Philologists and linguists generally believe that the name of the Goths is derived from a Germanic language, and can be analyzed as the same name as "Gutones", though the name of this earlier and more northern people had a different grammatical form. According to such proposals, the name is derived from an old Germanic verb meaning "to pour", reflected in modern English "gutter" (modern Dutch goot). Various proposals have been made about why the Goths would have been called "pourers".

Heather has argued that while this similar name on its own could arguably be an "accidental resemblance", there were also other ethnic names, the Vandals and Rugii, which seem to have moved in a similar way - found in what is now Poland in the 1st century, but found south of the Carpathians near the Goths in subsequent centuries. Another type of evidence strengthening the case for a connection to the north is the language which the Goths used.

The Gothic language, known from their bible translation and fragmentary evidence, is the only clearly attested member of what modern linguists designate as the East Germanic language family, because it was already distinct from the two Germanic families that have survived today, West Germanic and North Germanic, which were originally respectively spoken in the neighbouring regions of what is now northern Germany, and southern Scandinavia, both of which are relatively far from the homeland of the 3rd-century Goths. It is therefore generally believed that the language of the Goths had its origins to the northwest, implying a movement of people from the direction of Poland.
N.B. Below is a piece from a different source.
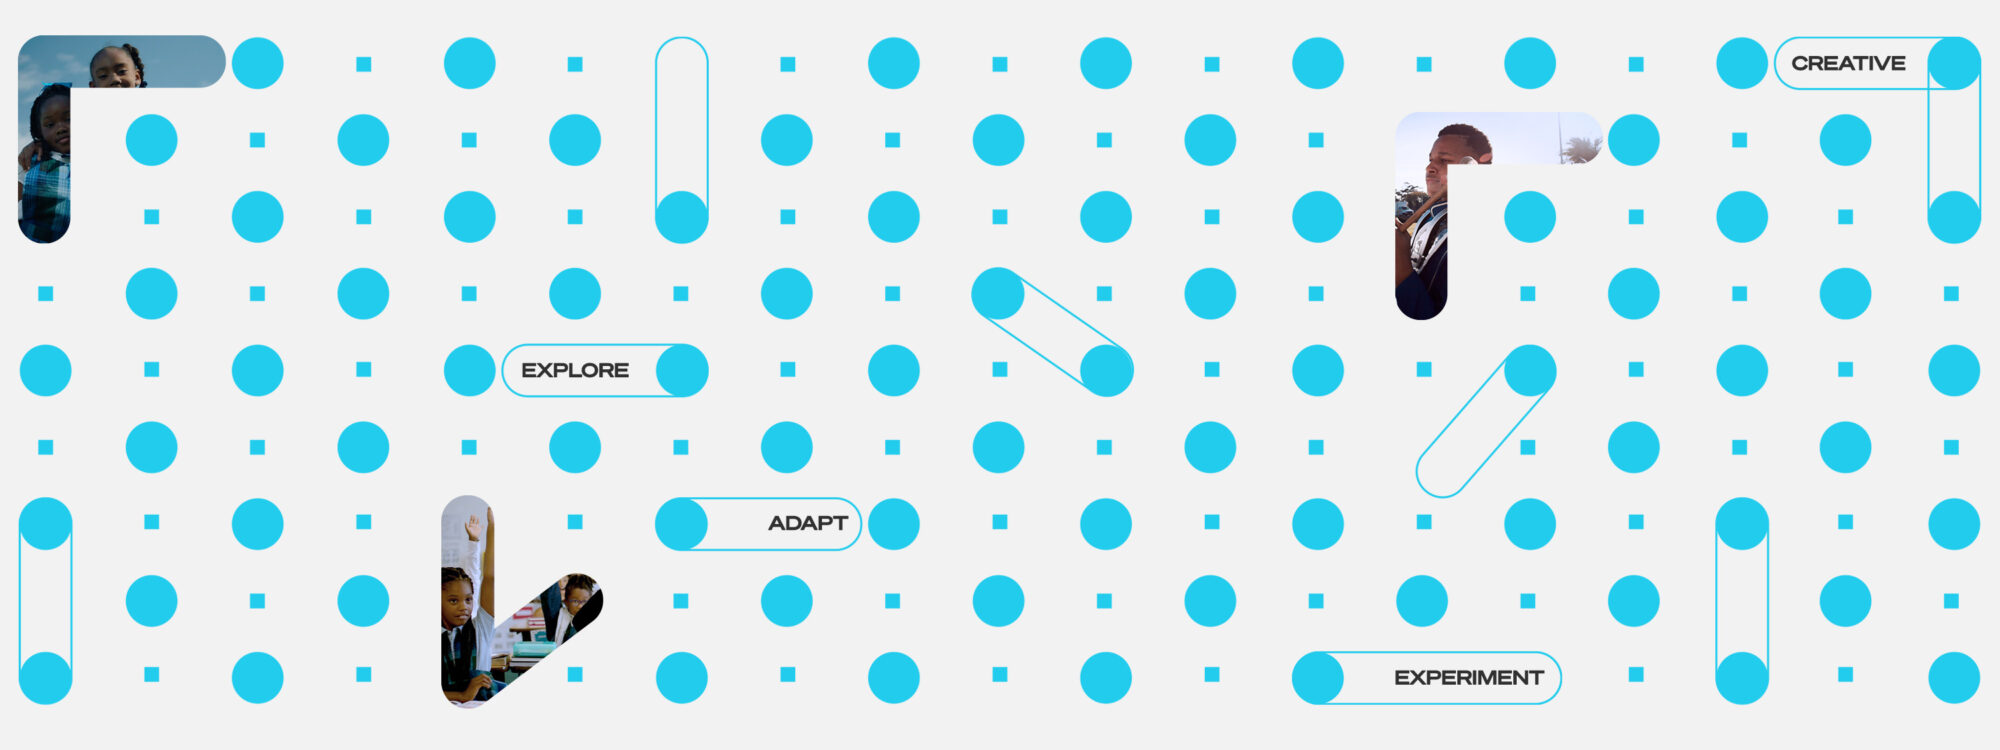 Blue circles on a white background

Already in the first century, the Roman author Tacitus also mentioned similar to those found mainly in Germania being spoken east of the Carpathians and Vistula, among the group of peoples known as the Bastarnae or Peucini.

That the Baltic Gutones may also have spoken a Germanic language is also implied by Tacitus, in his Germania written around 98 AD. He described the "Gotones" or "Gothones" as a part of a group of similar Germanic peoples, which also included the neighboring Rugii and Lemovii, who both lived on the Baltic coast. He reported that this group had some distinct characteristics compared to other Germanic peoples. These three peoples armed themselves round shields and short swords, and he described them as "ruled by kings, a little more strictly than the other Germanic peoples" ceterae Germanorum gentes. Between the Gutones and the mountains to the south lived the Lugians.

On the other hand, the Germanic language of the Goths could have arrived in their region from sources other than the Gutones. Heather points out that Germanic language arrived earlier in the Black Sea region, because Tacitus reports that the Bastarnae living in the Gothic region already in first century, spoke a Germanic languages. The name and language of the Goths may have even had separate origins. Historian Herwig Wolfram argued that although the Gutones of the Lower Vistula brought an originally Scandinavian name to the Goths, the Gothic language known from later times developed on the continent under Vandal hegemony in what is now Poland.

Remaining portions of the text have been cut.